Yes I tryed with old plugs and thought they were bad so I bought brand new plugs and still nothing wrong and we were thinking the same thing coil packs dont' all go out at once so we started looking and the only thing we could think of was that the stator had to be bad cause it wouldn't get any spark to plugs so we put a new one in there. So i have tryed with the old plugs and the new plugs. Gonig to try the ignition switch and kill swith tomorrow will let you all know thanks all suggestions and help you have gave me.
 
Ok so nothing worked like I was hoping or wishing it would. First thing I did was went to the ignition switch and looked behind for a Black wire with yellow stripe nothing. I did find 2 black wires so I unhooked the 1st one tried it nothing put it back on the same one I took off. next went to the next black wire took it off nothing.
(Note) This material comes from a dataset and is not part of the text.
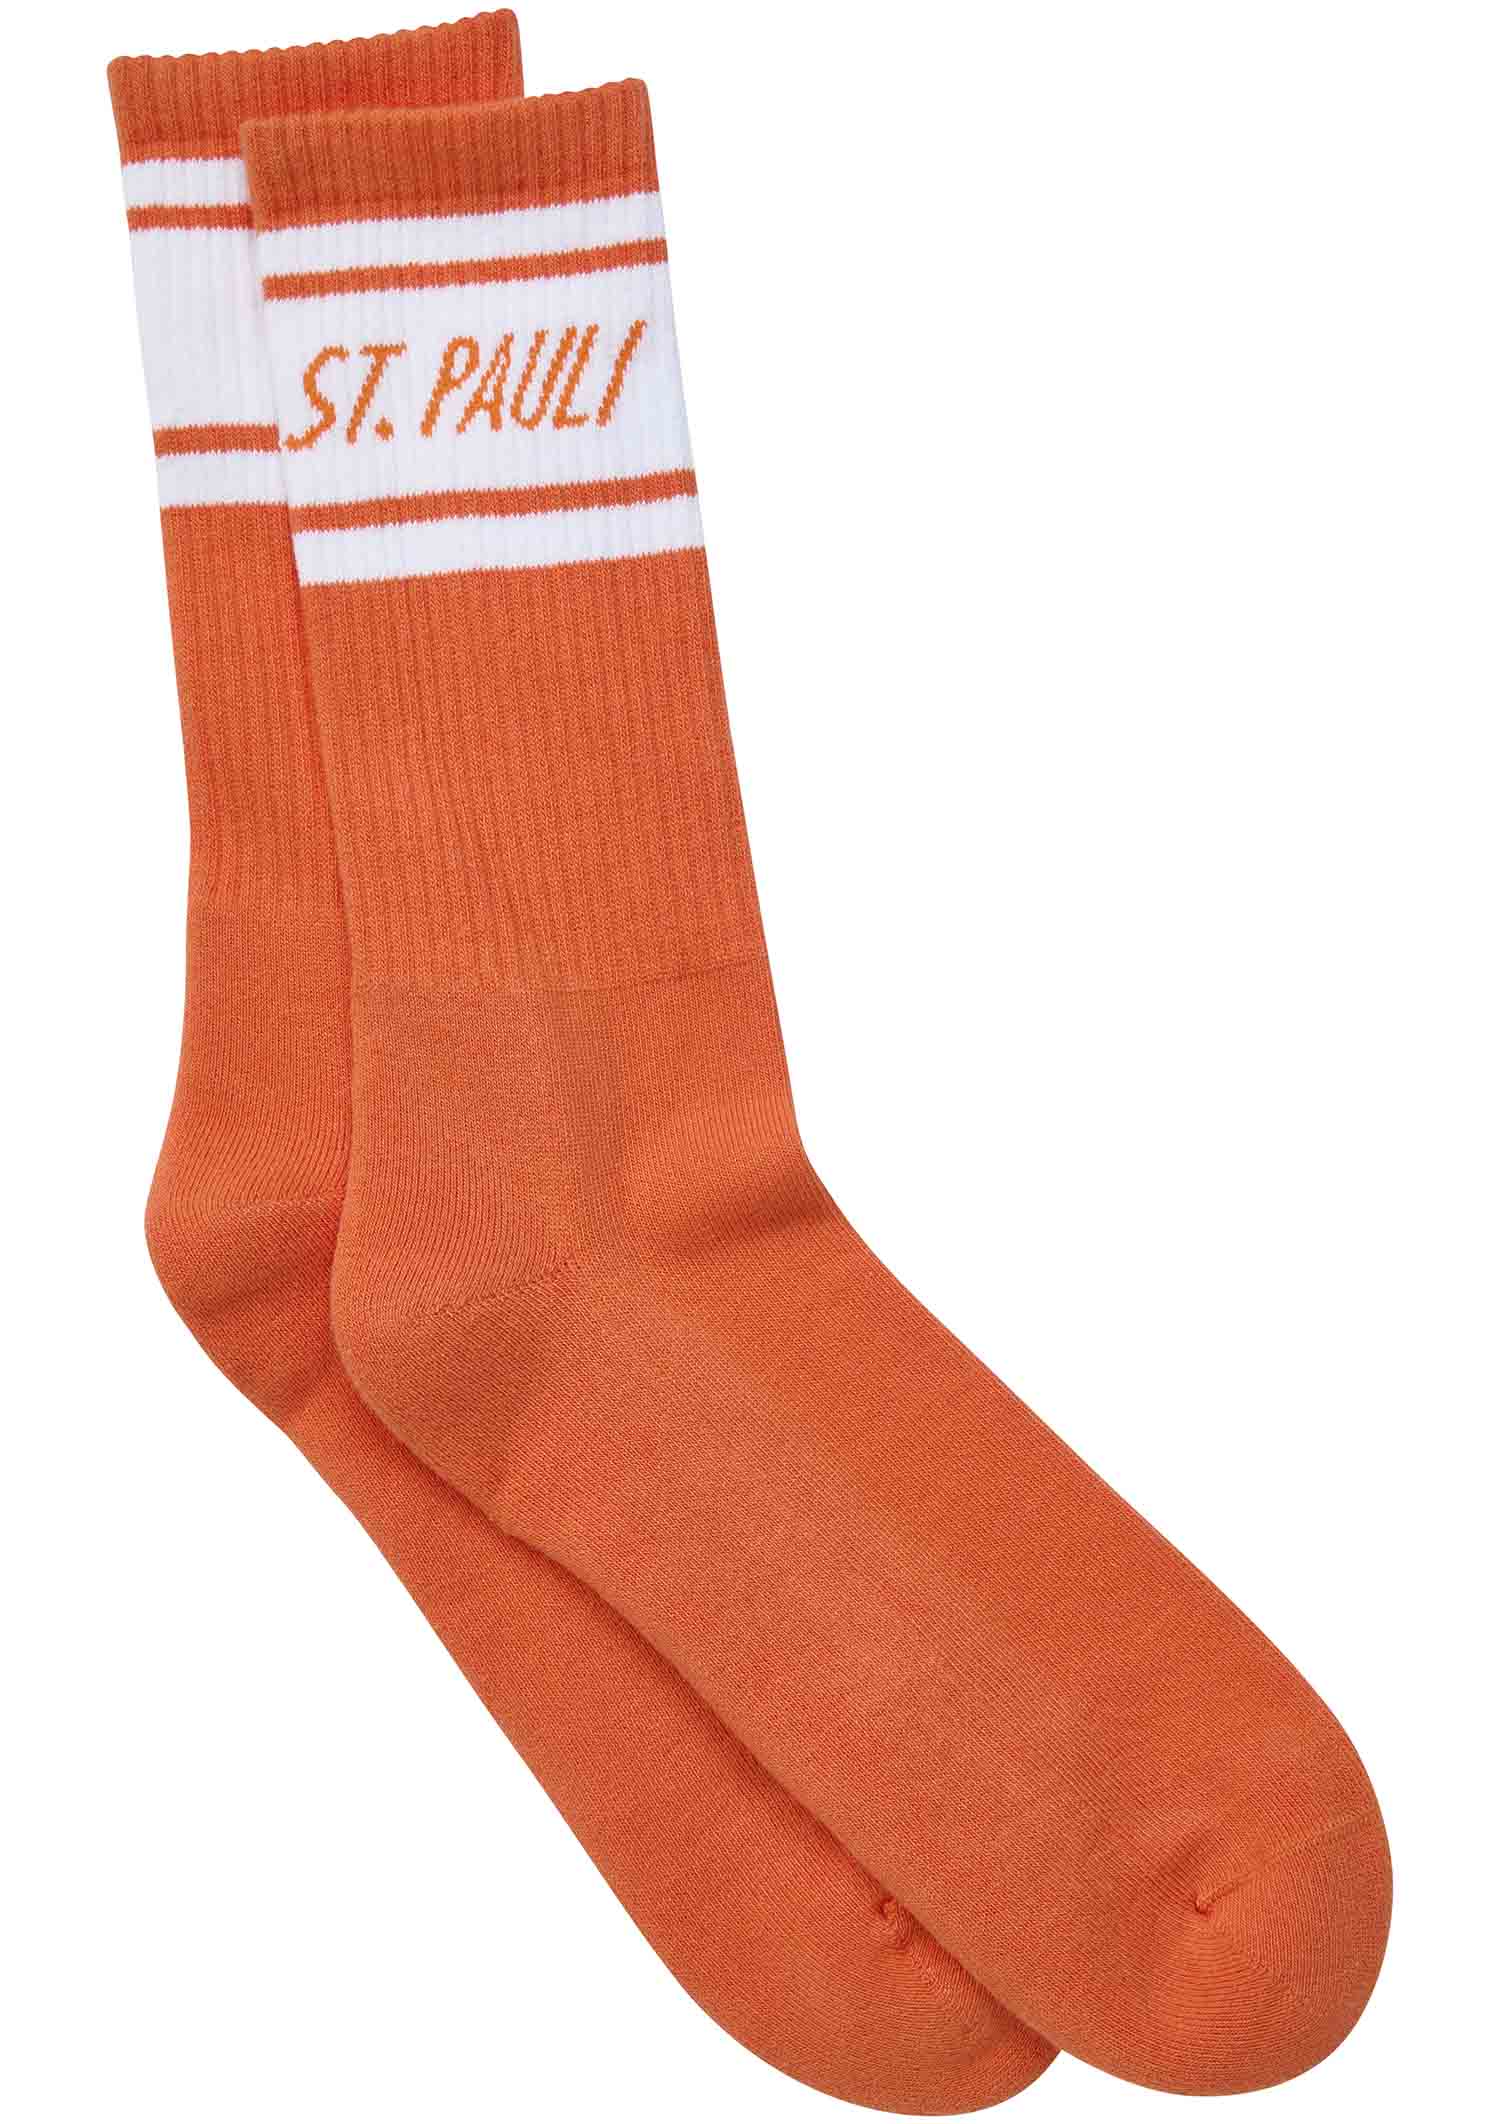 Socks "St. Pauli" - orange

Put it back on same one i took off. sprayed wd-40 in the ingition still nothing. looked under for loose wires found a purple one that isn't hooked to anything just a wire that is open on the one end. tryed to find out where it went looks like someone just tied it up under there. not sure why it would be open wires. But didn't see another wire where it might hook up to either. Then I put everything back together for the ignition part of it. Then I looked at the kill switch (lanyard) there are 2 wires on that. I tried to take each one off nothing, tried both of them off still nothing. So then i went to the engine and took off black wire with yellow stripe off (2 different wires) Took both wires off tried nothing. Tried 1 of them off nothing. Anyone othere suggestions or idea that you might think of or can help with?
 
try bypassing the kill switch. it maybe that you can just tie those two wires together. Im not sure how that curcut works if it is opened or closed. I will look further for you . Has this boat ran for you before? The way the first reply is thats the way it sounds.
 
Yes this boat has ran before, They guy who had it, had it for 8 years and said he maybe had it out 10 times he took it out 1 time last year and then decieded he didn't want it no more cause he never took it out. Thats when i got it and he said he would guarentee it to run. He forgot to put battery on charger so he said to take it home and charge it and let him know if that works. I called the guy back and he said to take it to the repair shop and get it fixed. So i decided I would try taking a look at it well then I seen he had the cables on the wrong side red was on neg. and black on pos. So then i switched them over and it turned over just like it was brand new just wouldn't fire. Then thats when I got new spark plugs and changed oil in it. Then it still couldn't figure it out. My brothers friend had one of these boats and he is looking at it right now. I was basically trying to be a nice guy and not charge this guy a lot of money to fix the boat labor and parts. But now i'm thinking I better just take it to the Boat repair shop and have them take a look at it. If you have any other idea's please let me know I am going to try to look at it a little more. The boat repair shop is booked for 2 weeks out yet. Thanks for all your help!!!!!
 
ahhhh.... check the regulator/ rectifier.. Switching cables on battery will ruin it. Not saying to put a new one on but definatly look into it and see if it is in spec. Do you have a manual?
 
I should have said "could" ruin it..i think you will be testing the diodes in this so put the NEG lead of your meter on the POS wire on the rectifier and with the POS lead of the meter touch each of the other wires one at a time. If you have continuity through all other wires swap the meter leads so the POS lead is now on the POS wire and with the NEG lead touch the other wires. You should have no continuity. This is the only way i can think of since this will be a bench test and not running test. hope this helps
 
Thats kinda what I thought to but we did a test on them and from what we are reading if we are doing it right the first pack runs 1 and 2 cylinder and 2 pack runs the 3rd cylinder. We tested the first pack and there was nothing on 1st cylinder but 2nd cylinder was about 40 omes and the 2nd pack we didn't have anything either.